Among these 13, the cross‐docking results of the 7 structures (5HCY, 5CAP, 5C8M, 5CAO, 5HCX, 5CAN, and 5CAL) did not have any ligands with a Tanimoto score >0.8. This indicates the absence of ligands similar to their respective co‐crystal ligands. For the remaining six structures (5CAS, 4RJ8, 5CAU, 5C8N, 5CAQ, and 4RJ4), the number of cross‐docked co‐crystal ligands with Tanimoto score >0.8 varied from 3 to 6. These structures were not removed at this step because even if two ligands share structural similarity, they may have dissimilar binding‐site conformation. Therefore, these 13 TMLR structures that were able to dock several non‐native ligands with lower RMSDs were further taken up for binding‐site conformational similarity analysis.

2.2. Screening of structures based on binding‐site residue conformational similarity, cross‐docking efficiency, and ligand similarity

Cross‐docking and ligand similarity information alone are not sufficient to warrant the selection or removal of structures prior to the evaluation of binding‐site conformation.

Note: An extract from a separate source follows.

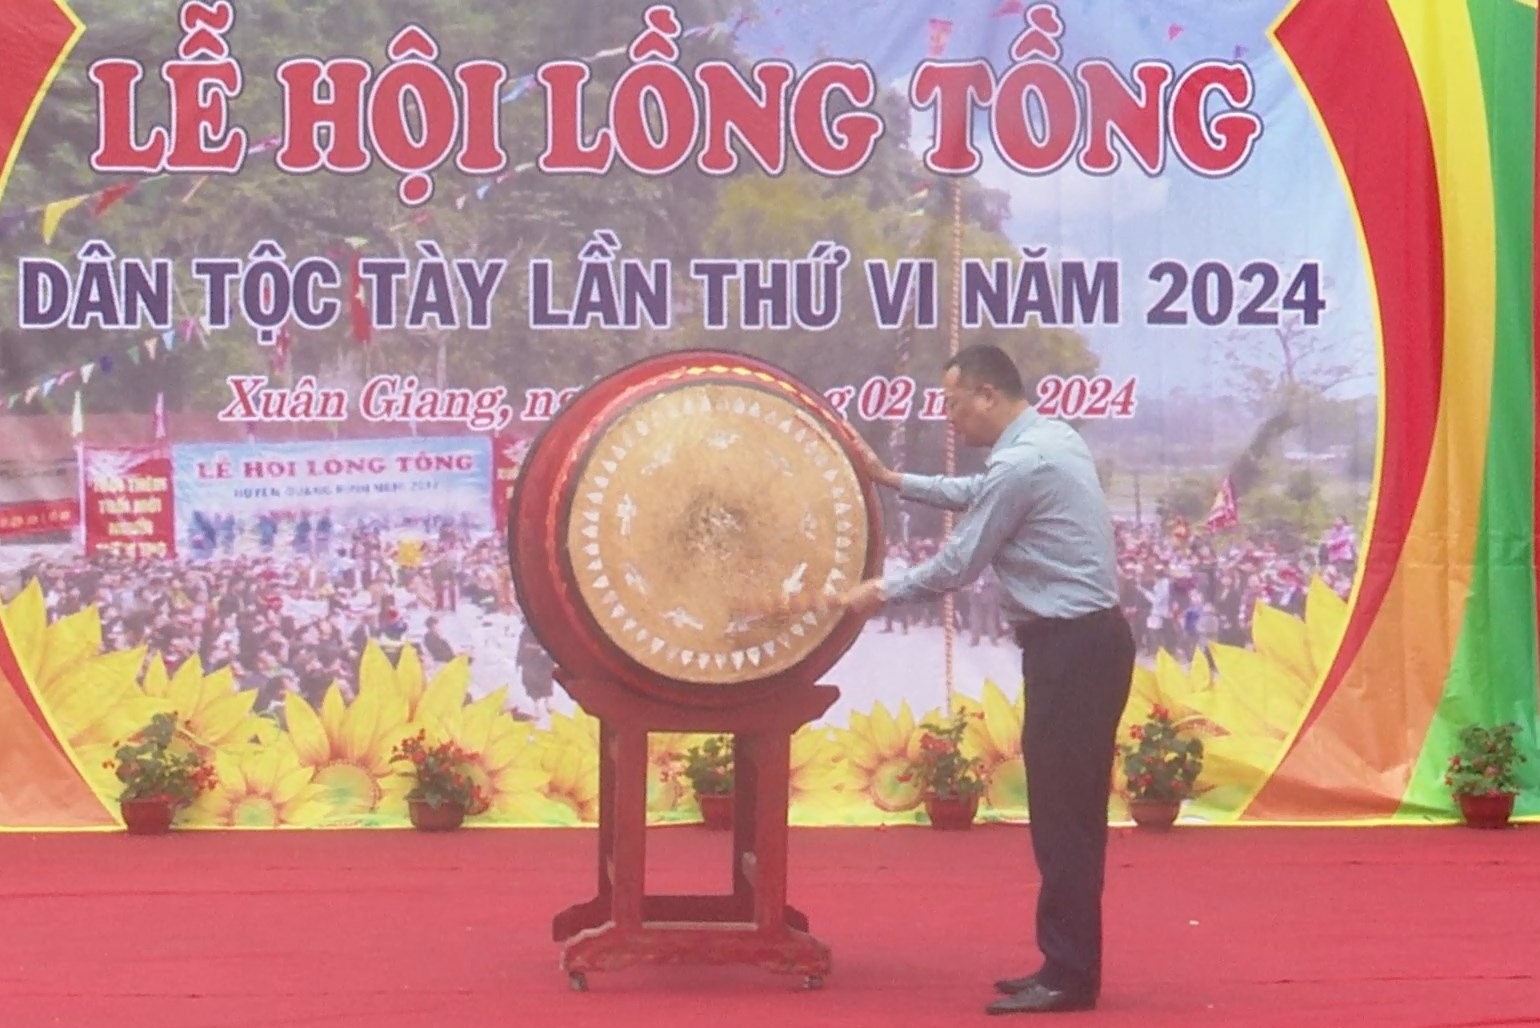 Ghi nhận Lễ hội Lồng tồng xã Xuân Giang năm 2024
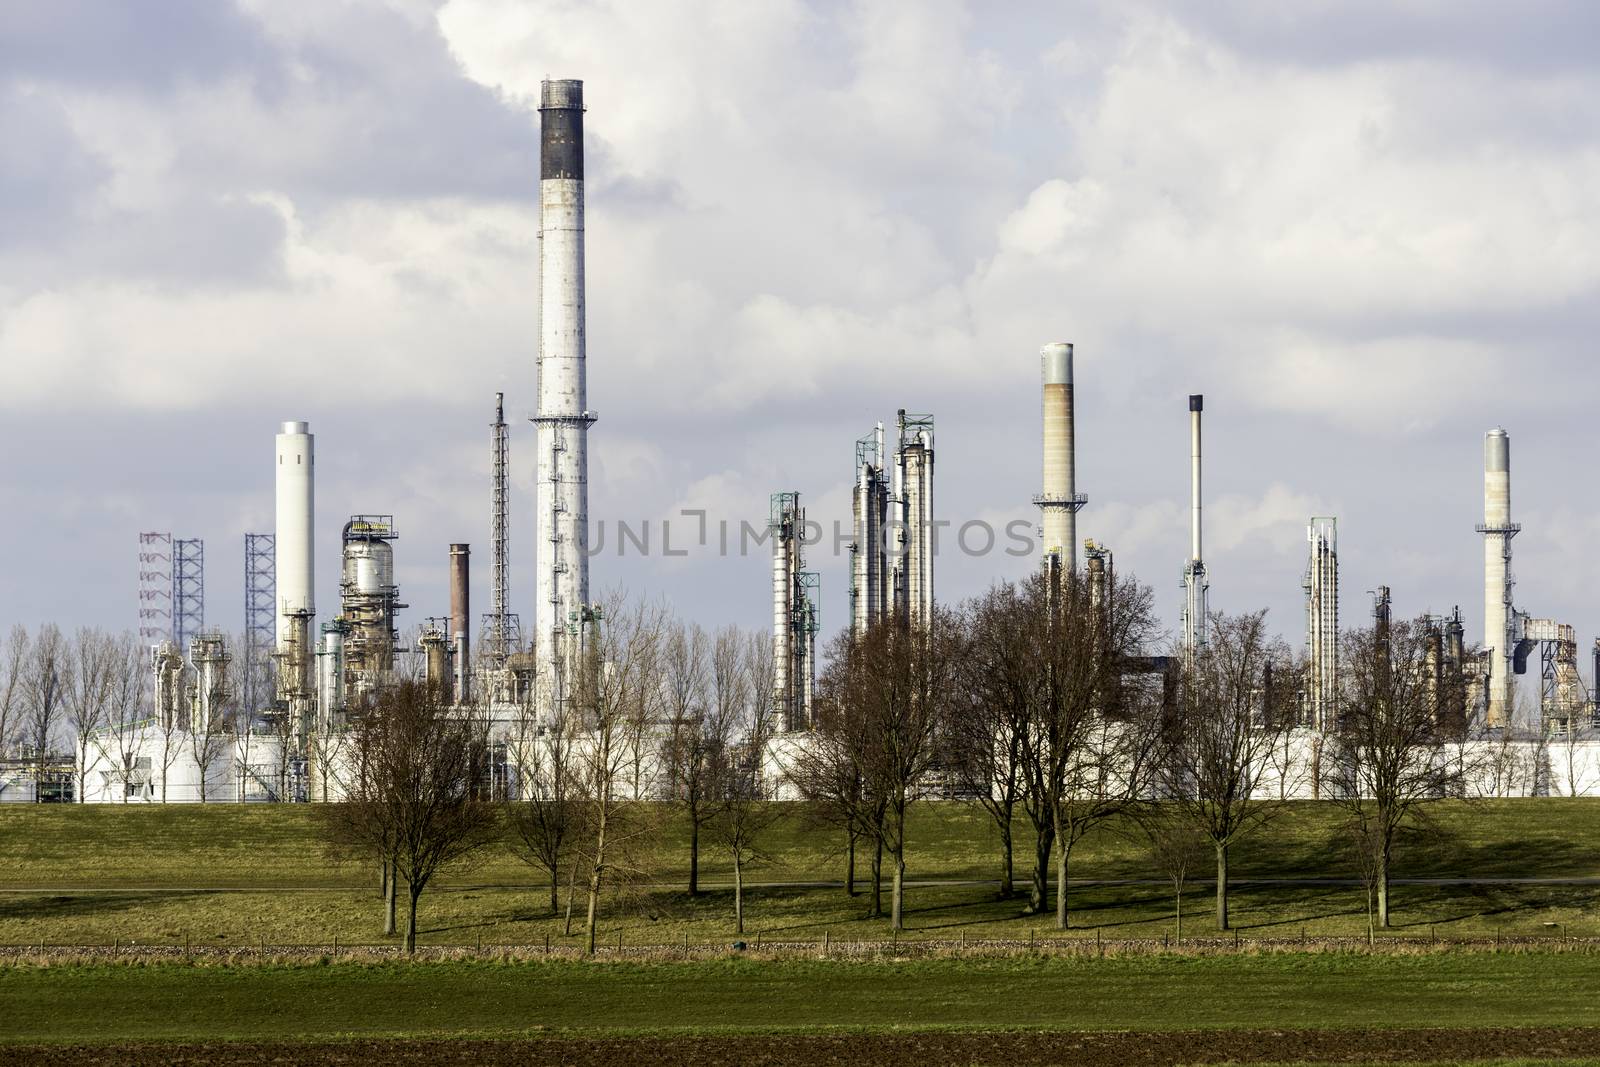 skyline refinery europoort rotterdam by compuinfoto

For instance, crystal structures with good cross‐docking performance and dissimilar ligands should not be selected immediately because they may harbor similar binding sites leading to a higher probability of giving similar results. Alternatively, structures with good cross‐docking performance and similar co‐crystal ligands should not be removed, as they may exhibit variations in binding‐site conformation. Therefore, in order to further screen the 13 TMLR structures identified through cross‐docking and ligand similarity, the similarity between their binding‐site residue conformations were compared (Table S3).

The comparison of the RMSD between the binding‐site residues of the 13 proteins (Figure 4) revealed four blocks of similarity. The first block consists of 5C8M and 5CAQ, whose binding site was found to be similar (RMSD = 1.05 Å). In order to determine the better performing structure among the two, their cross‐docking and ligand similarity results were checked and it was observed that 5C8M had docked a greater number of non‐native ligands with RMSD less than 2.5 Å, none of which were similar to its own co‐crystal ligand (i.e., Tanimoto >0.8) (Figure 2). Therefore, 5C8M was chosen among these two. The second block consisted of 5C8N, 5CAS, and 5CAU (Figure 4). As the binding site of 5CAS and 5CAU (RMSD = 0.91 Å) was similar, therefore, their cross‐docking performance was checked and 5CAS was selected as it had docked more ligands with lower RMSD and had lesser number of similar non‐native co‐crystal ligands than 5CAU. However, since the binding‐site residue conformation of 5C8N was different from both 5CAS and 5CAU (RMSD ~2.9 Å in both cases), it was also selected. In the third block, similarity was observed between the binding‐site residue conformation of 5CAL and 5CAN (RMSD = 0.91 Å). Since, both of these structures had no similar ligands in their cross‐docked sets, evaluation of their cross‐docking results led to the selection of 5CAN as it had demonstrated better performance in the cross‐docking exercise (Figure 2). In the fourth block, 5CAO and 5HCX were compared; however, their binding‐site residues were found to be conformationally dissimilar (RMSD = 3.8 Å). Therefore, both 5CAO and 5HCX were shortlisted for further analysis as they demonstrated a difference in their binding‐site conformation and did not have any similar non‐native co‐crystal ligands. In addition, 4RJ4, 4RJ8, 5CAP, and 5HCY were also selected for further analysis as their binding‐site residue conformation was considerably different from all the other structures (RMSDs >7 Å). Among these four structures, the co‐crystal ligands of only 4RJ4 and 4RJ8 were similar (Tanimoto coefficient = 0.84); however, both were selected as they demonstrated conformational difference in their binding‐site residues (RMSD = 7.1 Å). Overall, 10 protein structures (5C8M, 5C8N, 5CAS, 5CAN, 5CAO, 5HCX, 4RJ4, 4RJ8, 5CAP, and 5HCY) were shortlisted for further analysis.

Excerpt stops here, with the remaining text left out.